Он еще раз смущенно кашляет и замолкает, будто наткнулся на препятствие.

– Ну, что же вы? Смелее: если сказали «а», надо говорить «б»!

Через минуту Вера жалеет о своей настойчивости. Никак не ожидала от этого зажатого, неуклюжего, с веснушчатой физиономией фрица получить удар под дых! Вальтер, оказывается, хорошо помнит страшный случай, произошедший год назад. Больше того – знаком с братом человека, чей ребенок погиб от руки собственной матери!

– Я плохо знаю Франца, мы мало встречались. Но Курта знаю хорошо, мы учились вместе. Только я его не видел давно. И Франца давно не видел, последний раз – по телевизору, когда он давал интервью в криминальные новости…
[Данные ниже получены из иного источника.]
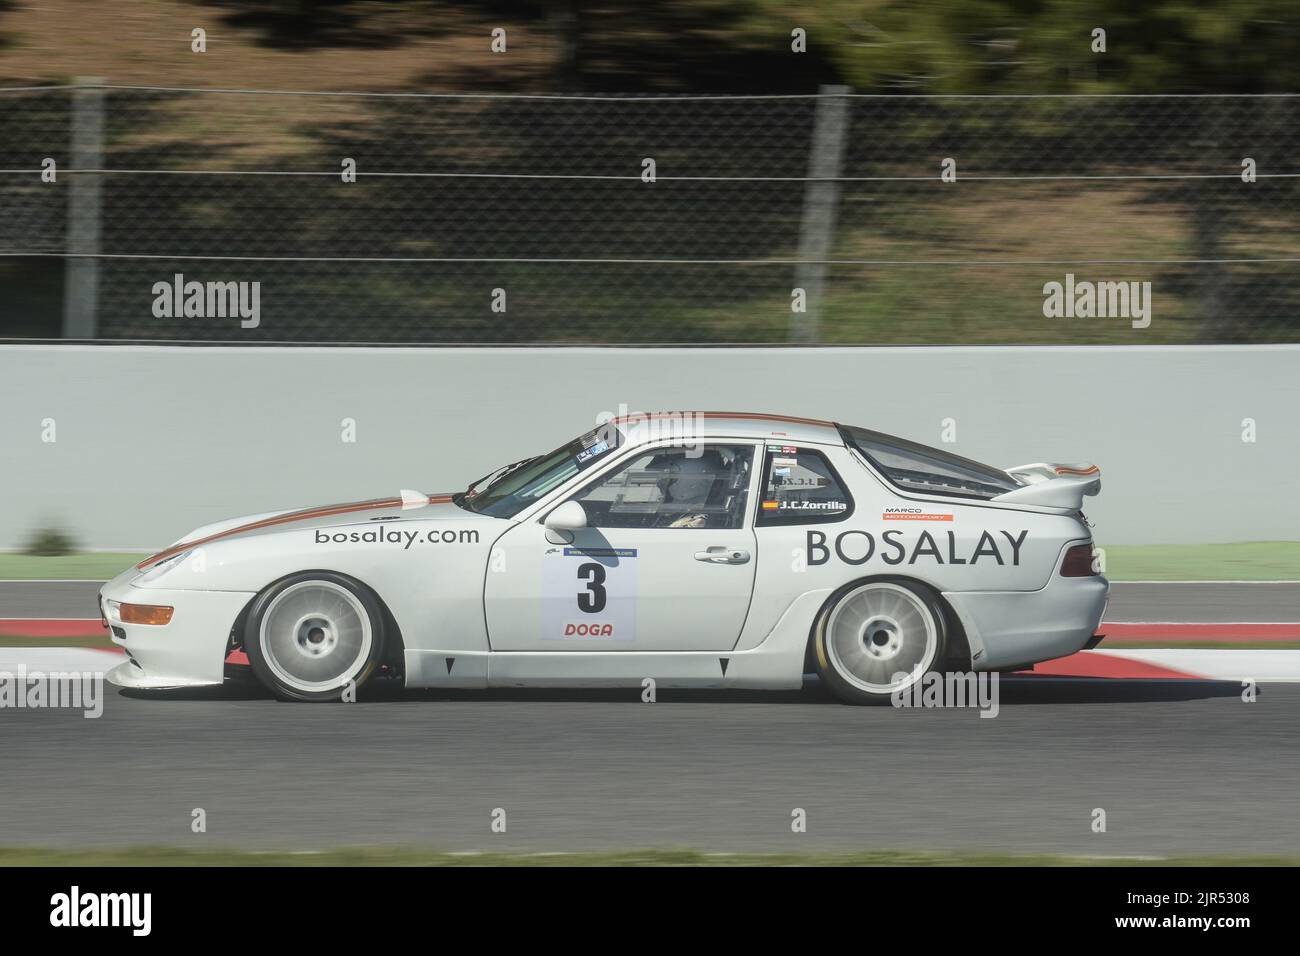 A white classic Porsche 911 car racing in a track in Barcelona, Spain Stock Photo

Вера изображает припоминание.

– Да, вроде в прошлом году об этом газеты писали… Хотя времени прошло много, вы уж извините. Да и случаев подобных, как вы сами поняли – пруд пруди.

– Пруд… пруди?! Что это значит?

– Это значит: много, очень много!

Немец мотает головой.

– Найн, таких случаев не может быть много! Это очень необычный случай!
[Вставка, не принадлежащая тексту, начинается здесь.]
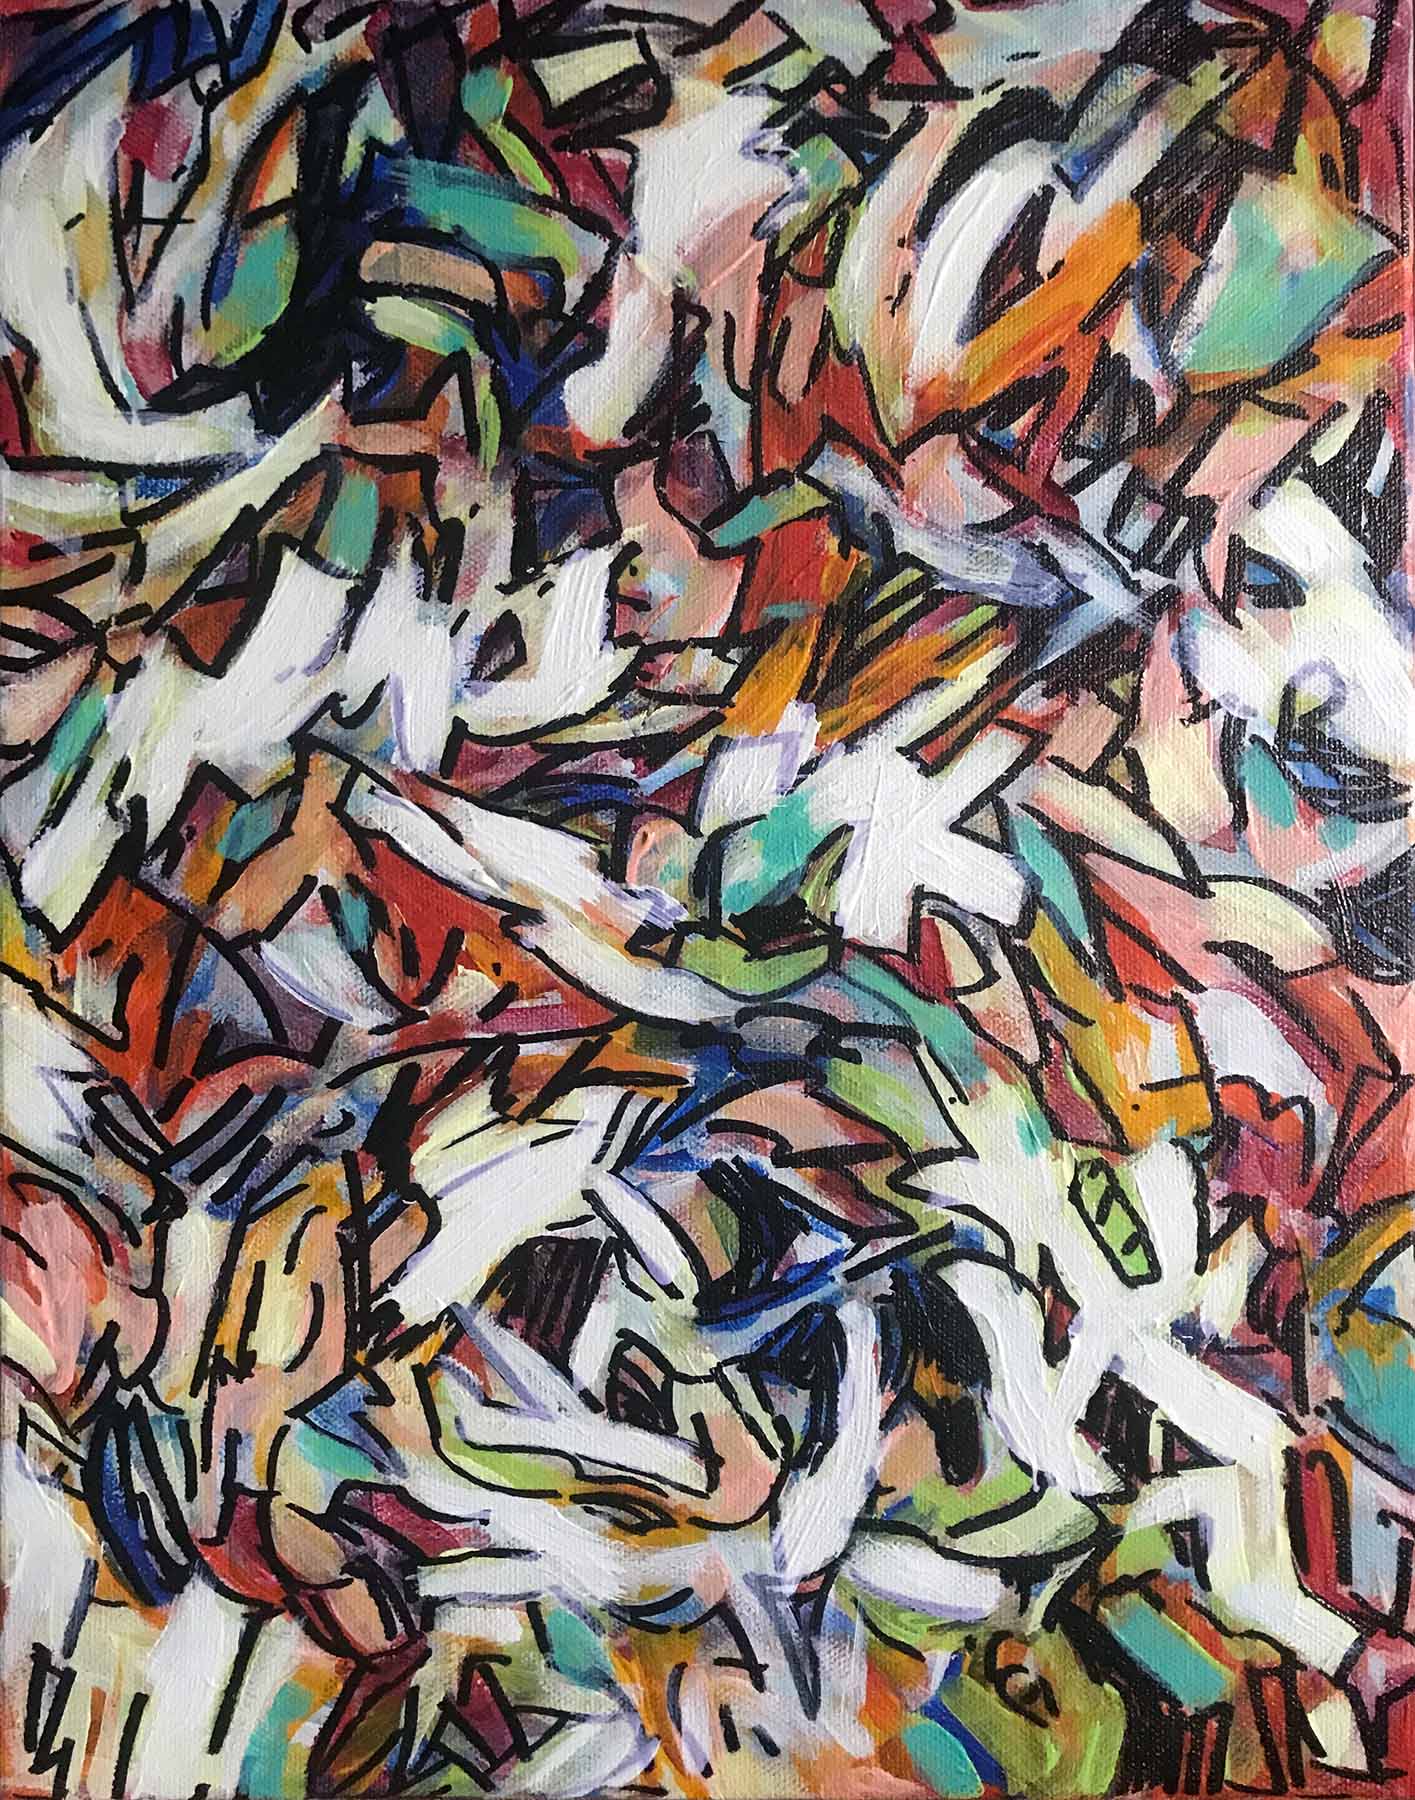 Acrylic and sharpie abstract painting - Jigsaw

– В чем же тут необычность? – усмехается Вера, опуская на глаза очки и вытаскивая из сумочки сигареты.

– Ребенок был необычный. Я не видел его, но так говорили – очень необычный. Я от Курта об этом слышал… Как это? Младенец глаго… Глаголет истину, правильно? В общем, тот ребенок говорил слова, которые не мог знать.

– Вундеркинд, что ли?

Усмешка Веры судорожная, но гримасу прячет клуб дыма.

– Нет, там было что-то другое… А что – я не знаю. Родители должны были знать, но где теперь эти родители?

«Где, где… В Караганде!» Вера вдруг понимает: вряд ли Вальтер догадывается о ее причастности к этой жути. Откуда, если даже в анкете, заполненной при поступлении на работу, – девичья фамилия матери.

Было такое ощущение, что ей напомнили о фильме, который одновременно и хочется забыть, и не хочется. Отчасти фильм существовал в электронной памяти, протяни руку – и вот кассета, допустим, с записью ток-шоу, посвященного детям с ускоренным развитием. Нормана притащила туда мать, желавшая любой ценой достичь первенства. Там были: восьмилетний выпускник школы, десятилетний аспирант, ребенок-счетчик и т. д., и проч. Так вот, Норман их всех за пояс заткнул, продемонстрировав рекордный IQ. Некий корейский вундеркинд установил когда-то мировой рекорд – 210, но здесь рекордсмена обошли баллов на двадцать. Вот только радости на лице Нормана не было: на вопросы тот отвечал с недетской тоской в глазах, ее так и не убрали режиссерские ножницы. Зато сестра сияла от счастья: накрашенная, с модной прической (а блузка – все сиськи наружу!), она несла какую-то ахинею про детей-индиго…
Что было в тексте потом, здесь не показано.